= Nilva Records =

Swiss jazz record label

Nilva Records was a jazz record label in Geneva, Switzerland established by drummer Alvin Queen. The name is an anagram of Queen's first name.

==History==
Queen ran Nilva for ten years, then stopped during the 1990s when there were complications with distribution.
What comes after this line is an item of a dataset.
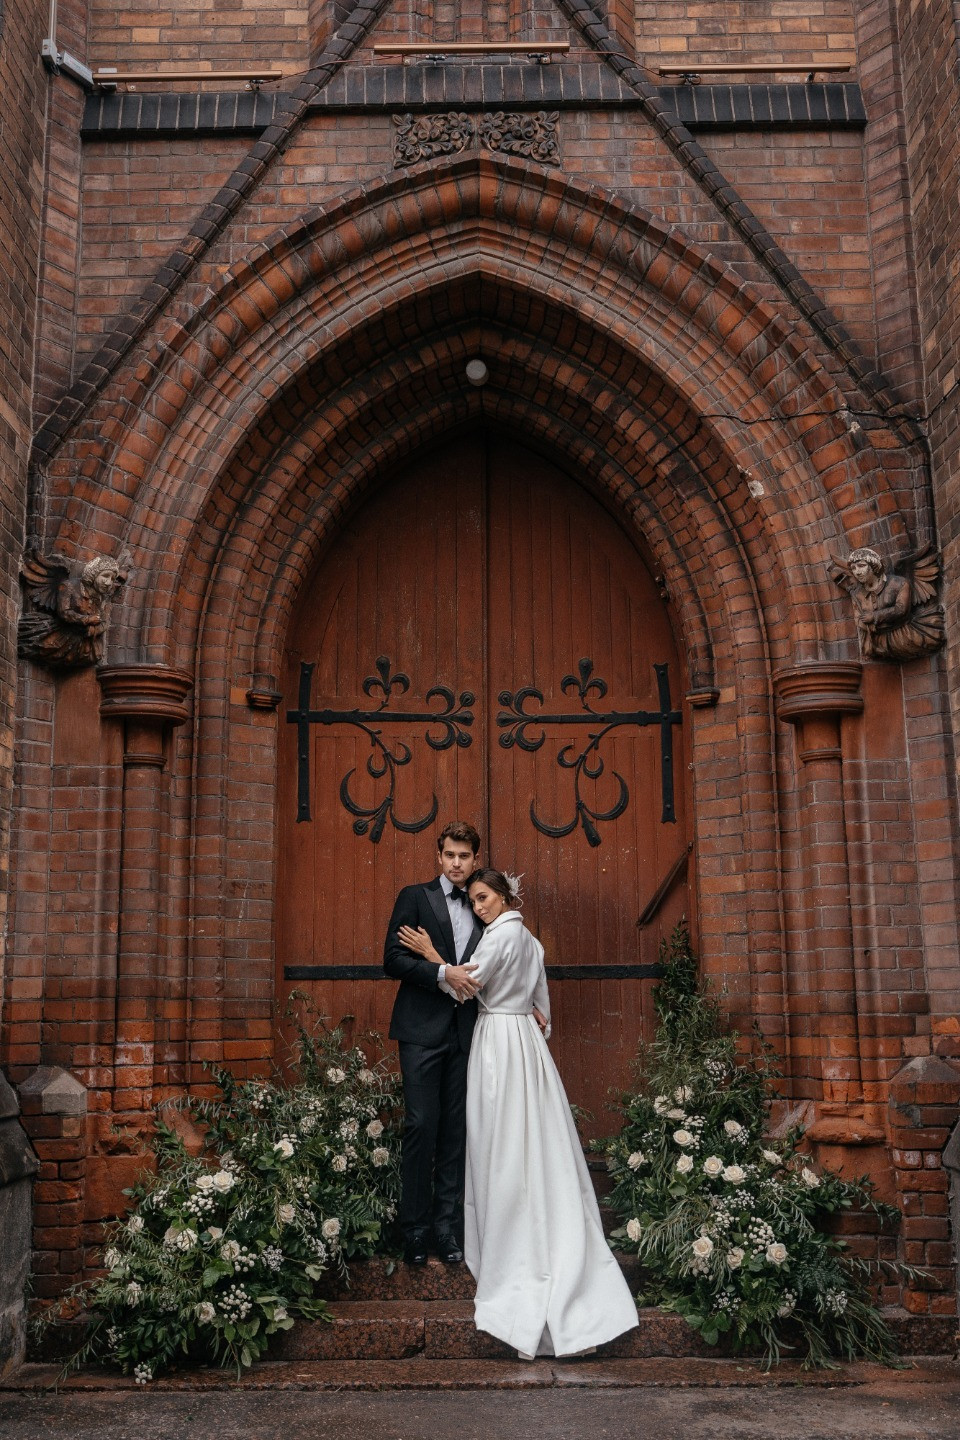 Church wedding: стилизованная фотосессия в Англиканской церкви

Inspired by the "Blue Note sound", he began recording in the early 1980s at Minot Studios in White Plains, New York. The first album released was Alvin Queen in Europe (1981). This was followed by Ashanti and albums by Charles Davis, Ray Drummond, Junior Mance, and Bill Saxton.

==Discography==
- NQ 3401: Alvin Queen – In Europe (1980)
- NQ 3402: Alvin Queen – Ashanti (1981)
- NQ 3403: Alvin Queen – Glidin' and Stridin' (1982)
- NQ 3404: Khaliq Al-Rouf & Salaam – Elephant Trot Dance (1979)
- NQ 3405: Junior Mance & Martin Rivera – The Tender Touch (1983)
- NQ 3406: John Patton – Soul Connection (1983)
- NQ 3407: Alvin Queen & Dusko Goykovich – A Day in Holland (1983)
- NQ 3408: Bill Saxton – Beneath the Surface (1984)
- NQ 3409: Ray Drummond – Susanita (1984)
- NQ 3410: Charles Davis – Super 80 (1984)
- NQ 3411: Bob Cunningham – Walking Bass (1985)
- NQ 3412: John Collins – The Incredible John Collins (1985)
- NQ 3413: Alvin Queen – Jammin' Uptown (1985)
- NQ 3414: Ronnie Mathews – So Sorry Please (1985)
- NQ 3415: Ray Drummond – Maya's Dance (1989)
- NQ 3416: Edmund J. Wood – Immanent Domain (1985)
- NQ 3417: Piano Seven (Thierry Lang) – Live! (1988)
- NQ 3418: Raymond Court – Beautiful Friendship (1988)
- NQ 3419: John Hicks & Elise Wood – Luminous (1988)
- NQ 3420: Moncef Genoud – Waiting for Birth (1989)
- NQ 3421: Alvin Queen – I'm Back (1992)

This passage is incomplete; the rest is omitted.